Viggo Mortensen has been doing a bunch of press at the Venice Film Festival for a new film called Far From Men — a story about two men, a schoolteacher and a murderer, caught up in Algeria’s 1954 war for independence — that opens in France in January next year.
In another tangential link to Wellywood, the score is composed by Nick Cave and Warren Ellis, who also did the soundtrack for the Peter Jackson-produced documentary film West of Memphis. Read below for an early review from Indiewire, but if the idea of Mortensen speaking French appeals, this is one you probably won’t want to miss. Thanks to Ringer Davidsenex for the heads-up.
Taking the conventions of Western films to different countries, planets, time periods or political situations is hardly new, but when it’s done well, it never gets old. The French-language “Far From Men,” aka “Loin des Hommes,” from writer/director David Oelhoffen, which transposes classic Western archetypes to the Algerian Civil War, is a terrific reminder of just that. It does not reinvent the wheel, nor is it a po-mo deconstruction of the Western myth or a pastiche.

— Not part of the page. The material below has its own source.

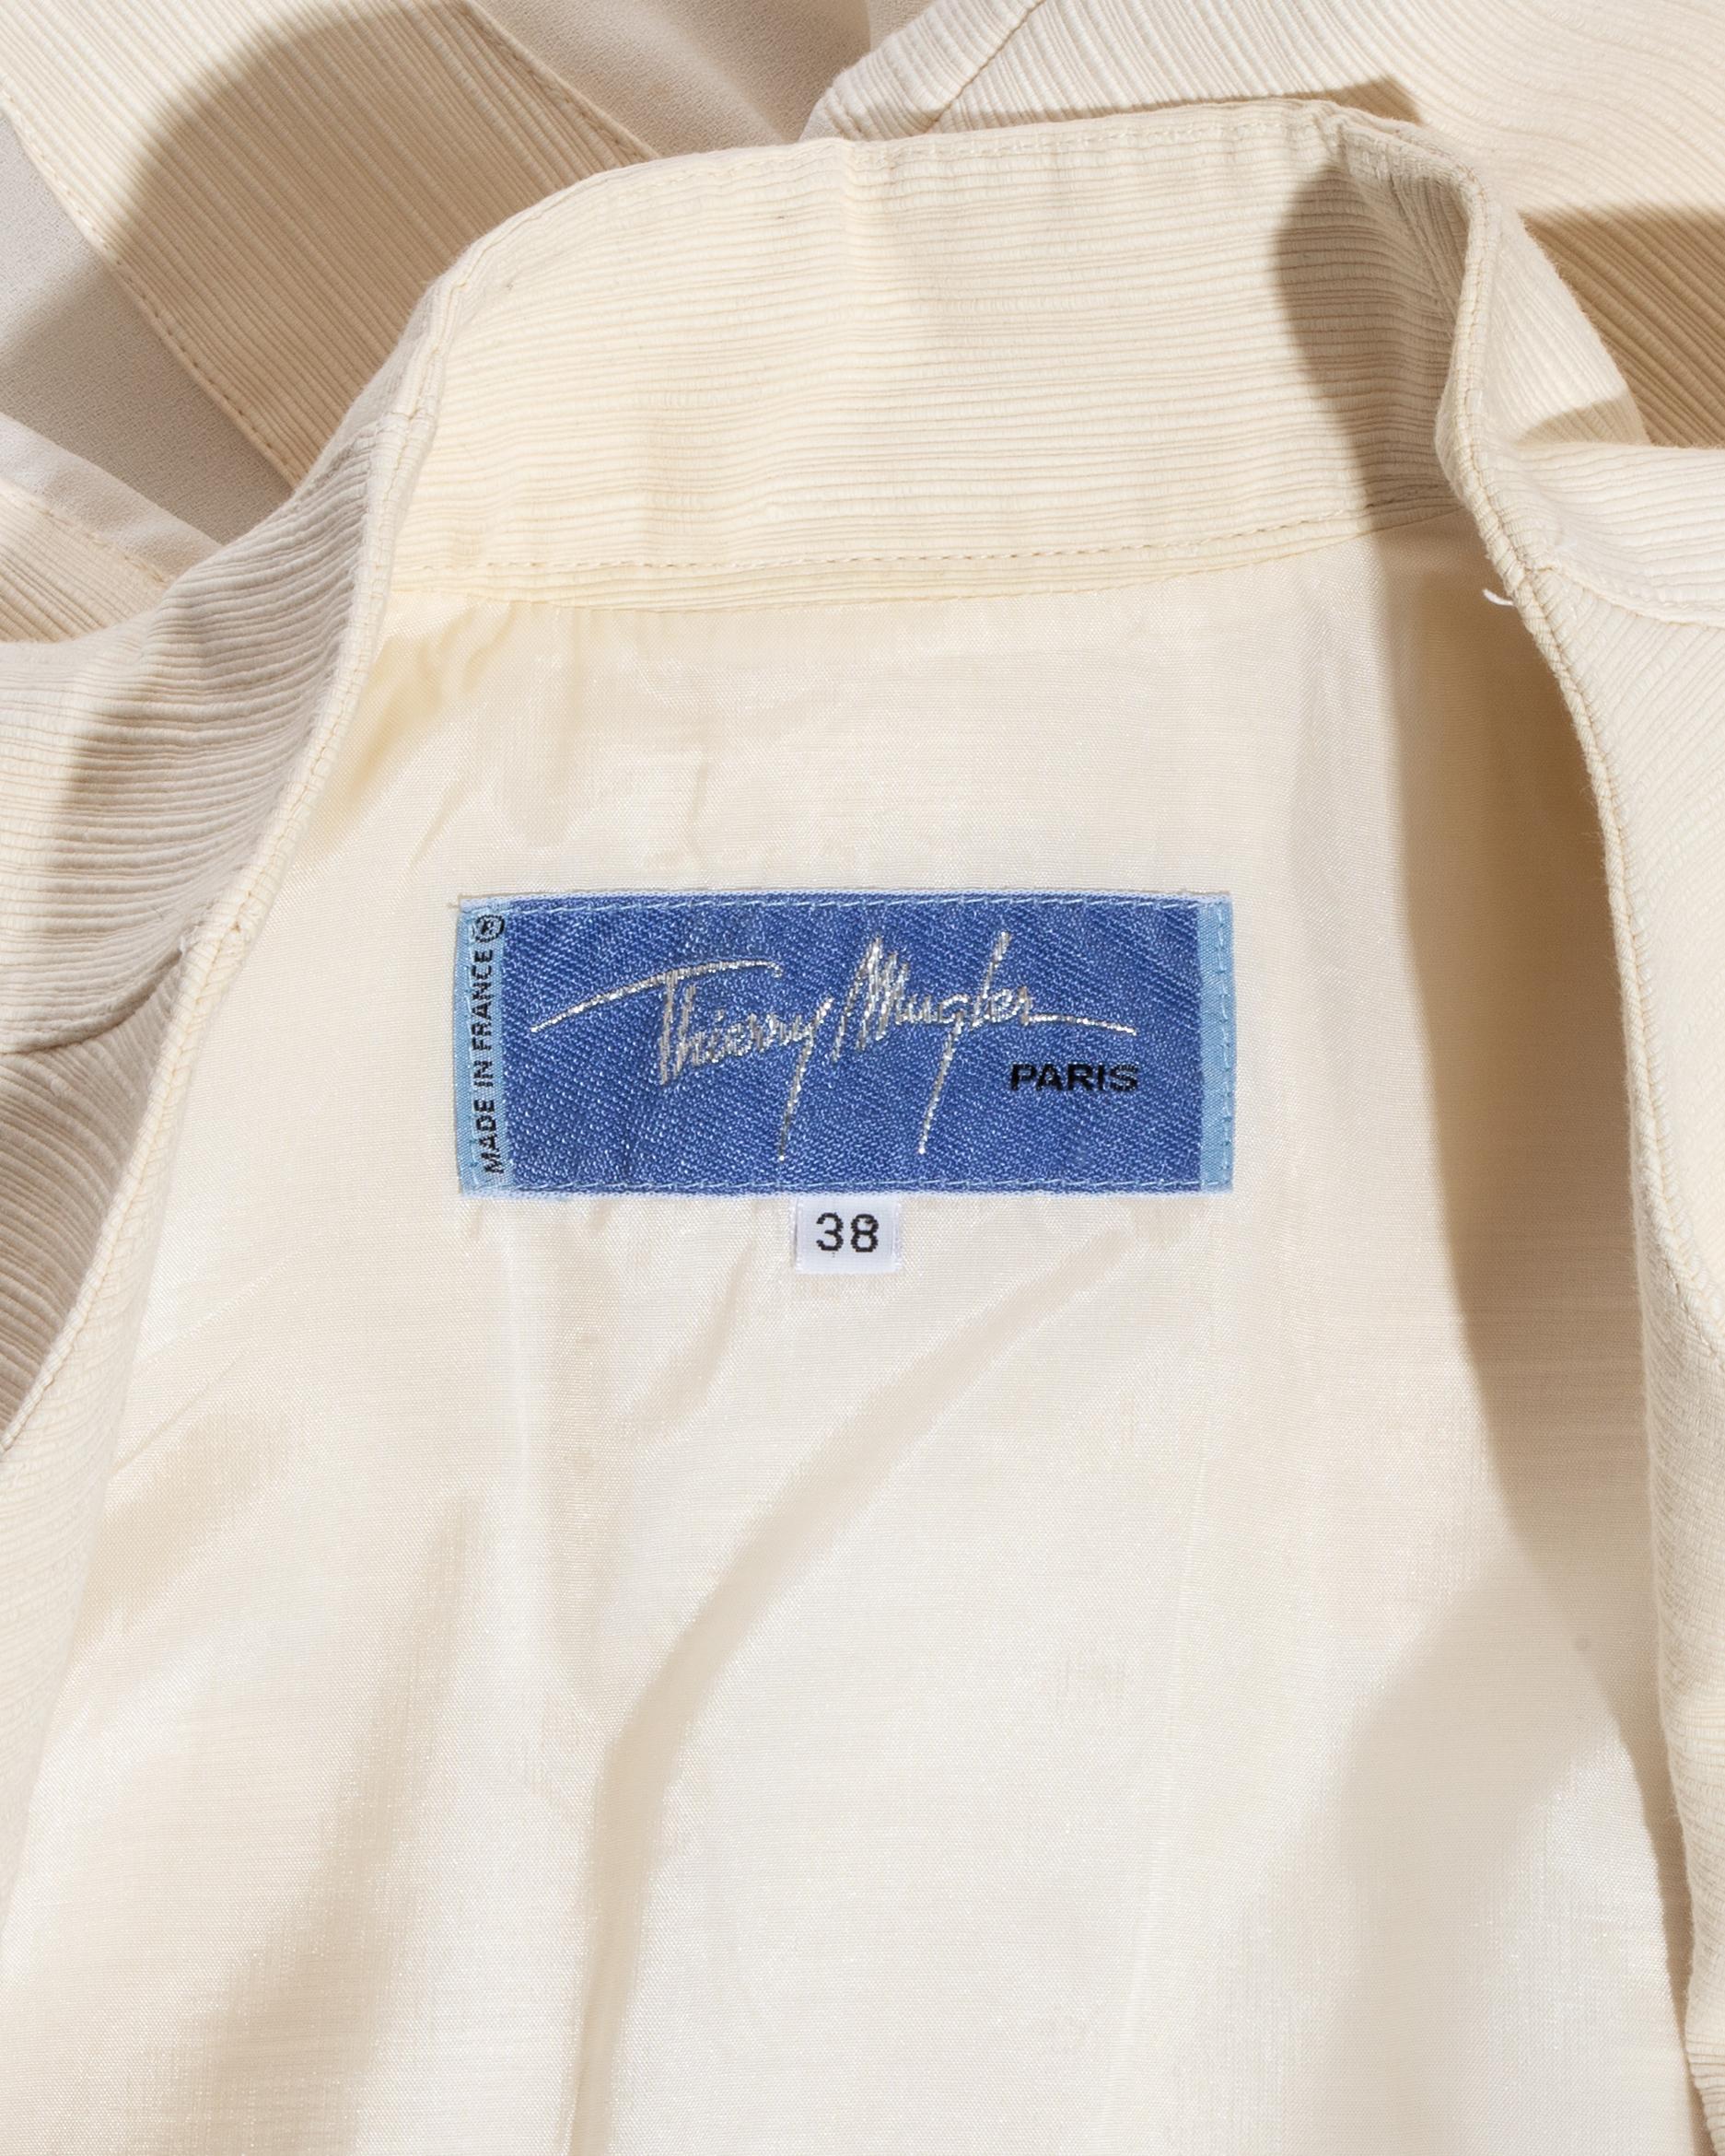 Thierry Mugler cream draped skirt suit with sheer panels, c. 1990s 2

It is simply a great, traditional Western: the language and cultural details may be different, but the sparse elegance and moral conundrums are familiar and as resonant as ever. Based on Albert Camus’ short story “The Guest” and boasting a fitting yet never clichéd soundtrack by Nick Cave and Warren Ellis and a pair of flawless lead performances from Viggo Mortensen and Reda Kateb, “Far From Men” is a quietly grand, beautiful film.
It is 1954, just after the outbreak of the Algerian war of Independence, and Daru (Mortensen) is a schoolteacher in a remote rural area; a little schoolhouse, also his home, seems to be the only building for miles and his class is composed of the children of local goatherders. One night a gendarme arrives with a prisoner in tow. The policeman warns Daru of the approaching insurgent native Algerians revolting against French colonial rule.
He also forces Daru, an ex-army Major, to take charge of the prisoner, Muhammad (Kateb), who having killed his cousin, is to be transported to the city to stand trial and inevitably face execution. That journey, the burgeoning relationship between the two men, and their encounters with friends and foes along the way (often friends who now wear the colors of foes, as Daru discovers that many of the men he served with now fight the French forces he nominally represents), forms the backbone of the elegant plot.